Prompt	Bad answer	Good answer
Persian user asks a question	starts Persian, then switches to English/Chinese	stays in Iranian Persian
Persian user asks uncertain question	“I’m not sure…” in English	Persian clarification / Persian uncertainty
Persian math prompt	reasoning in English/Chinese	Persian explanation, or tool call + Persian final answer
Persian correction prompt	generic English assistant tone	Persian correction style

This is where preference data, DPO/ORPO-style data, or even simple reject/accept filtering can help.

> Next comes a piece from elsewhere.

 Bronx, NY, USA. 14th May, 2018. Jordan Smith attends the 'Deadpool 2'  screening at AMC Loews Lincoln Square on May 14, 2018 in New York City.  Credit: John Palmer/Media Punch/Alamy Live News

4. What I would do for a Persian-only 0.8B model

I would attack the problem at several layers.

Layer	Action
model choice	compare same-size models for Persian tokenization and drift
CPT	Persian-heavy or Persian-only CPT corpus
SFT	Persian-only assistant examples
uncertainty SFT	“I don’t know / please clarify / I cannot answer” all in Persian
correction SFT	user correction and self-correction in Persian
negative/preference data	mixed-language outputs marked as bad
decoding	low temperature, avoid aggressive presence penalty
output check	detect non-Persian output and retry/repair
eval	explicit language-drift test set

For a Persian-only assistant, I would not try to preserve broad multilingual behavior unless you actually need it.

If the product goal is Iranian Persian, then English/Chinese drift should be treated as an error.

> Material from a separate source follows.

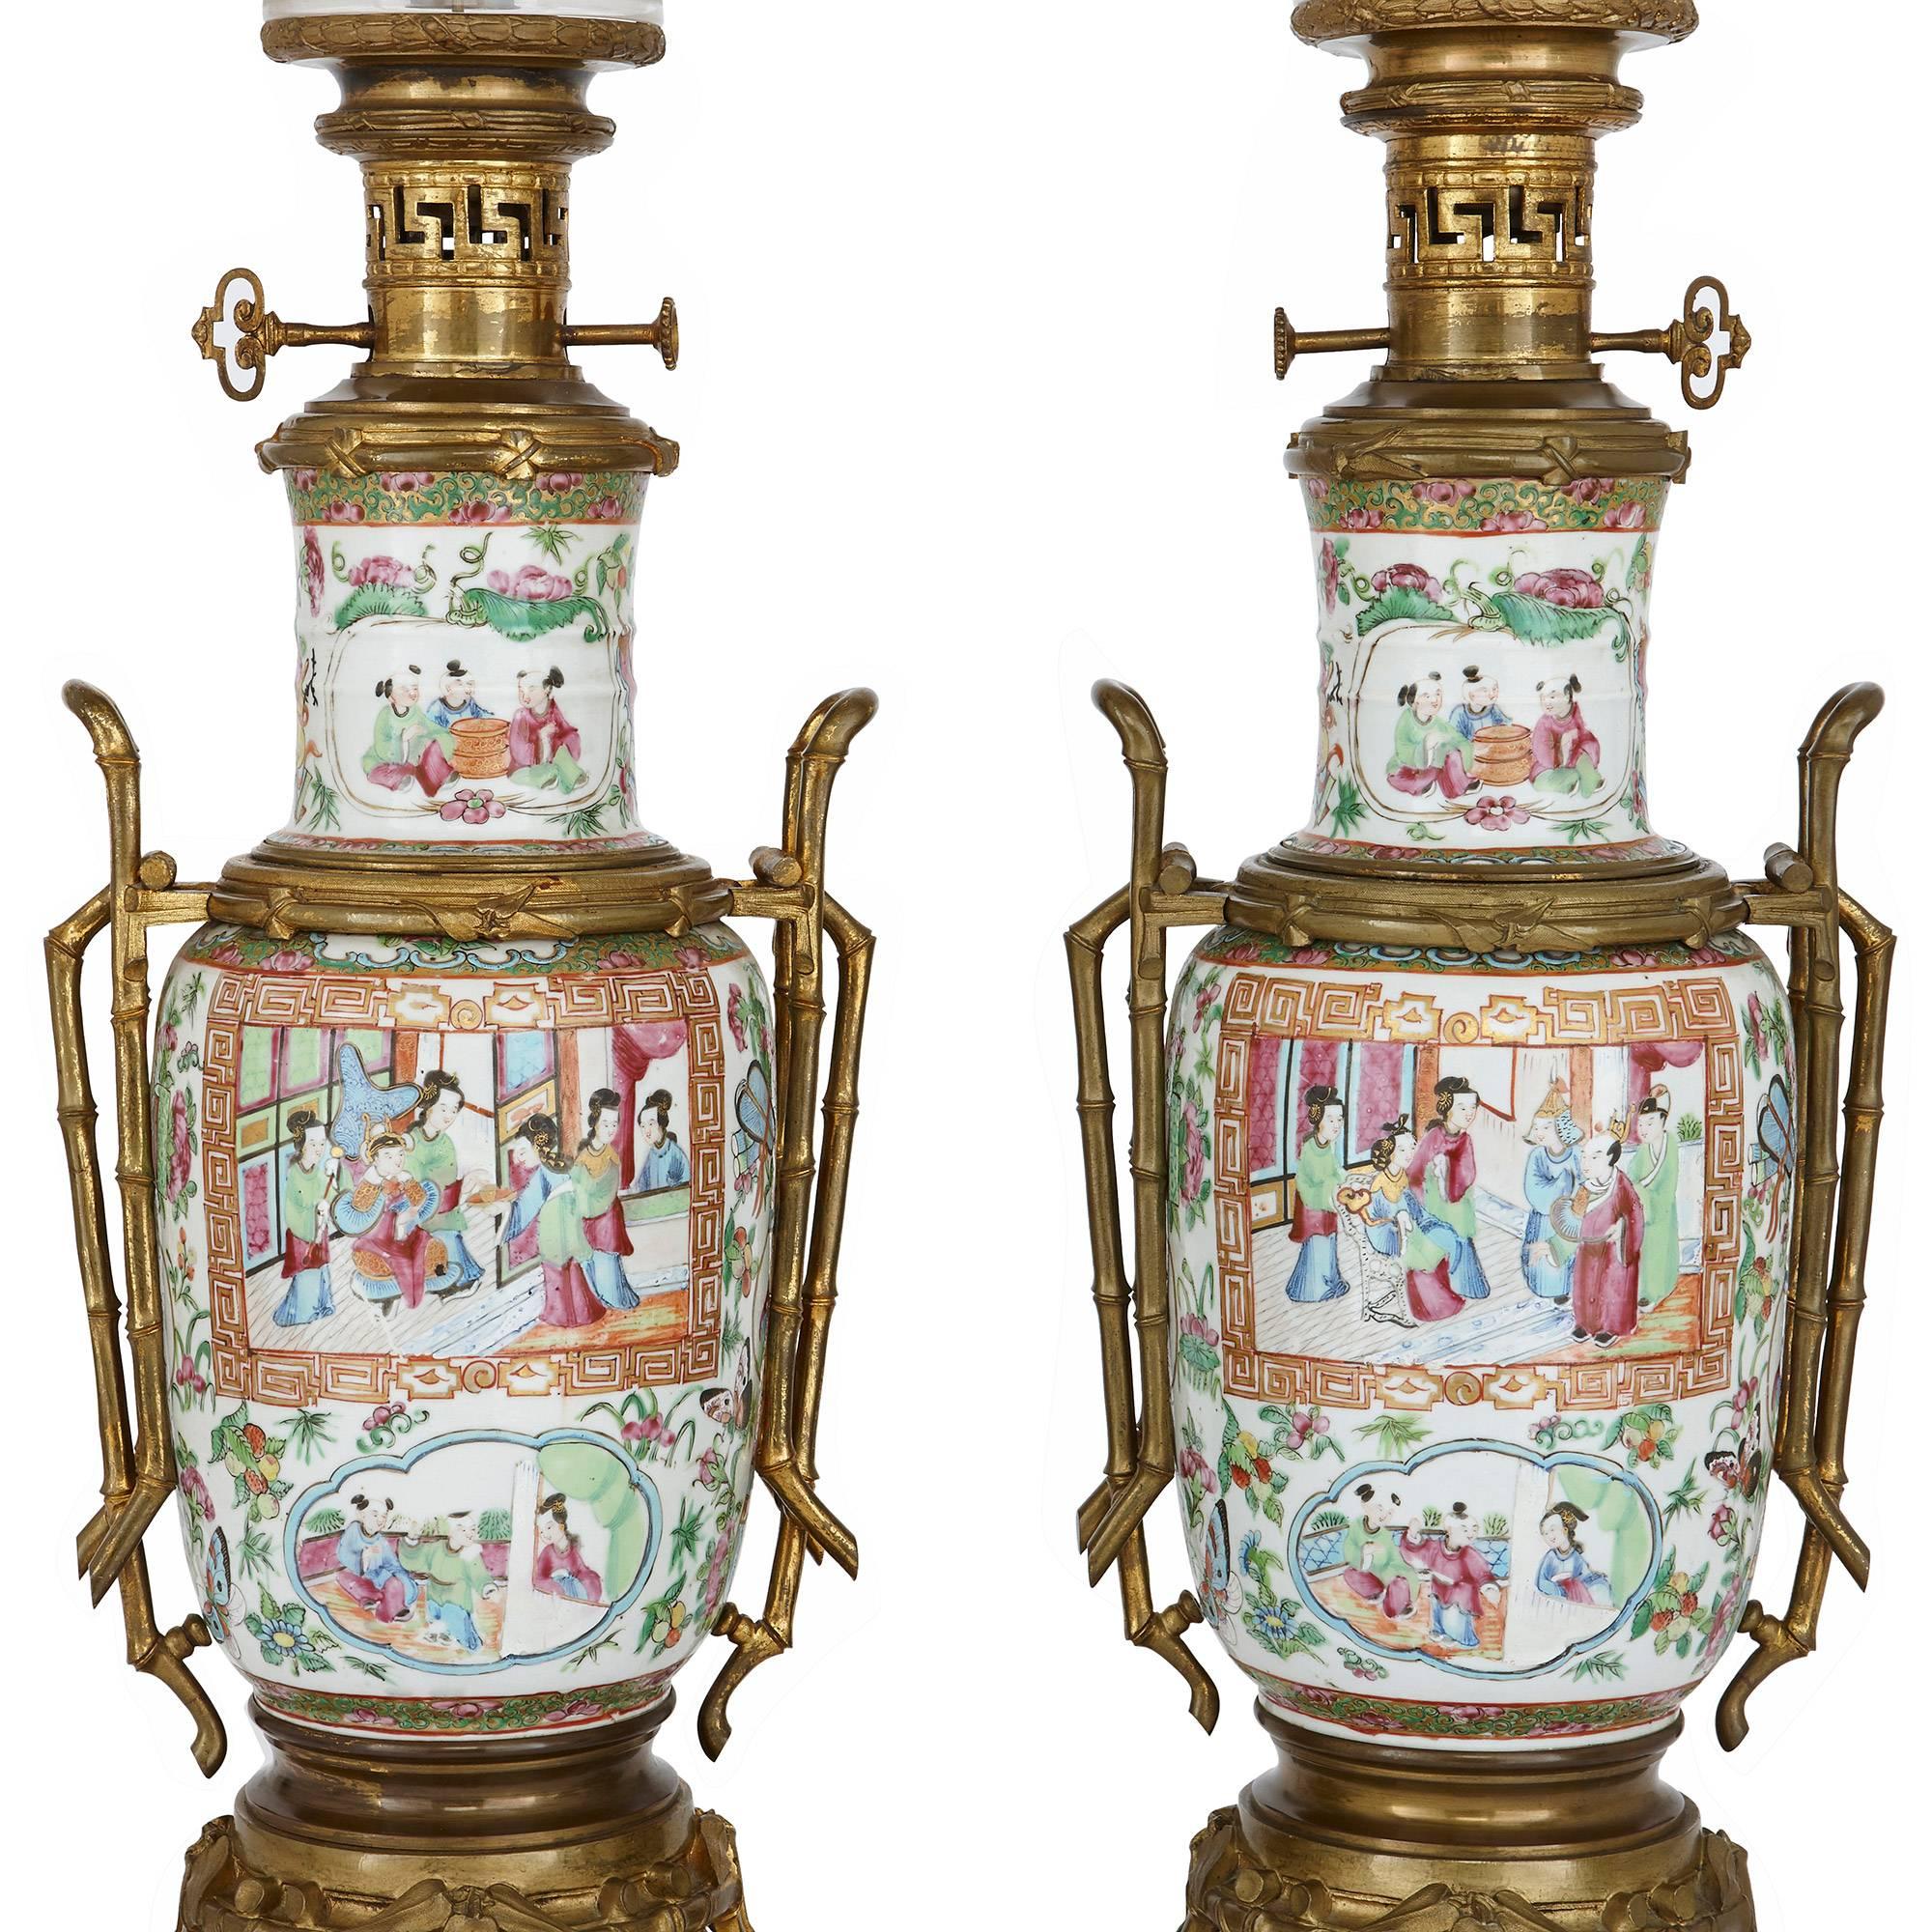 These elegant lamps are crafted from Chinese Canton famille rose porcelain and mounted with French gilt bronze (ormolu). The lamps feature beautiful vase-form porcelain bodies, which are finely painted with Chinese court scenes, as well as flowers,

5. Drift eval is necessary

I would make a small eval set specifically for drift.

Not just normal Persian QA.

Test the cases where drift is likely:

Case	Why
ambiguous Persian prompt	model may fall back to dominant language
misspelled Persian	uncertainty increases drift
long multi-turn chat	context pressure increases drift
correction from user	model may switch style/language
“I don’t know” case	uncertainty often triggers English boilerplate
math/reasoning	reasoning style may drift to English
tool failure	failure mode may drift
mixed Persian-English technical terms	model may continue in English
high temperature	sampling can increase drift
long answer	later paragraphs may drift

Measure something simple:

non-Persian character ratio
English token ratio
Chinese character count
answer starts in Persian?
answer ends in Persian?
does reasoning drift?
does refusal drift?

Even a small 100-example drift eval would be useful.

6. If another model is better, use it

If you find another 0.5B-3B model with:

better Persian tokenization
less English/Chinese drift
acceptable instruction following
acceptable device performance

then yes, use it.

Starting from a less drift-prone model is always better.

But I would not abandon Qwen3.5-0.8B only because drift exists. At 0.8B, some drift risk is expected.

I would compare models with a small test:

same Persian prompts
same decoding settings
same drift eval
same tokenization statistics
same latency/memory budget

Then choose based on evidence.

7. Practical expectation

My expectation would be:

Qwen3.5-0.8B + Persian CPT + Persian SFT
  -> likely much better Persian
  -> likely reduced drift
  -> not guaranteed drift-free

To get closer to Persian-only behavior, add:

Persian uncertainty examples
Persian correction examples
Persian refusal examples
Persian tool-failure examples
negative examples for English/Chinese drift
low-temperature decoding
output language check

For example:

If output contains too much English/Chinese:
  retry with stronger Persian-only instruction
  or run a repair prompt
  or reject the answer

This is not elegant, but for a very small local assistant it is practical.

Bottom line

For a Persian-only 0.8B assistant, I would assume:

language drift is normal unless actively controlled

The reason is probably not only tokenizer or Qwen behavior. It is also limited model capacity and interference between languages, styles, and tasks.

So the strategy should be:

1. choose the least-drifty model you can
2. do Persian-focused CPT
3. do Persian-only SFT
4. train uncertainty/correction/failure cases in Persian
5. penalize mixed-language outputs if possible
6. use conservative decoding
7. add output language checks
8. measure drift directly

In short:

If another same-size model has lower drift and acceptable Persian tokenization, use it. But if Qwen3.5-0.8B is still the best tradeoff, I would keep it and treat language drift as a first-class eval and training target.